> Exercise description
Within the data that follows, how many lines contain the word "progesterone"? Reply with only the number.

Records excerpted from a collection
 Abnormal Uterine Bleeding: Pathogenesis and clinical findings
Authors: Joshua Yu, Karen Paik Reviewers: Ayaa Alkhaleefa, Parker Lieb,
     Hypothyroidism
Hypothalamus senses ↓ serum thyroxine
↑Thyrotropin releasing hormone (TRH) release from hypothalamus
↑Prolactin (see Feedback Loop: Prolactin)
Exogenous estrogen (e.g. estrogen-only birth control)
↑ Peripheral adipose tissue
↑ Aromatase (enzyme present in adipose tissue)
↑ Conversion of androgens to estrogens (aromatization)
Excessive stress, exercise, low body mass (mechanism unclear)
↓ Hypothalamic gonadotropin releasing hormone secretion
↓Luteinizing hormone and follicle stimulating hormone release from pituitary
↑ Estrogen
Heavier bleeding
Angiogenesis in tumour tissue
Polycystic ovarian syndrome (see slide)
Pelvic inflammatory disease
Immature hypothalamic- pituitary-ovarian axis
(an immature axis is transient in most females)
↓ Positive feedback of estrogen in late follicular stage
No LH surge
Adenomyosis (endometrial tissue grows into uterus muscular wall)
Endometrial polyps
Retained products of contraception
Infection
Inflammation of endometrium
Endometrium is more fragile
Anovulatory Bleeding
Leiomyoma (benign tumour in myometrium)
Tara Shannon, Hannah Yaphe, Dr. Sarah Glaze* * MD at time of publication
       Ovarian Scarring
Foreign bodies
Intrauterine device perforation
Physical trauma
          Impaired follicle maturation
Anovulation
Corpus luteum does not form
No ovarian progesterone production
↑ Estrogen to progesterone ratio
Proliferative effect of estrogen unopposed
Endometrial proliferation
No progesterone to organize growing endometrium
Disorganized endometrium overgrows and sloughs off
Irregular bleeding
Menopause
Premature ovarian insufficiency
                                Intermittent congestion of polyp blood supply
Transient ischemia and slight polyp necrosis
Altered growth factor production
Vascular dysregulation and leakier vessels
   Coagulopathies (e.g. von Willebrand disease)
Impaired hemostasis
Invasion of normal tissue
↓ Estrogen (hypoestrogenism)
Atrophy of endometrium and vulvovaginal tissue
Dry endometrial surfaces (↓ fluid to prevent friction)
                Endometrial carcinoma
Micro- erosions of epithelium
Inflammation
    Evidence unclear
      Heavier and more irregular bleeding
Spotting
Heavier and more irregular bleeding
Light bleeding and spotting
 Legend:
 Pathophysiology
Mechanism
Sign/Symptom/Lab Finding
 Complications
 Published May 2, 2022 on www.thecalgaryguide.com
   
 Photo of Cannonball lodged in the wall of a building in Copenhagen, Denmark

> Result of this exercise
3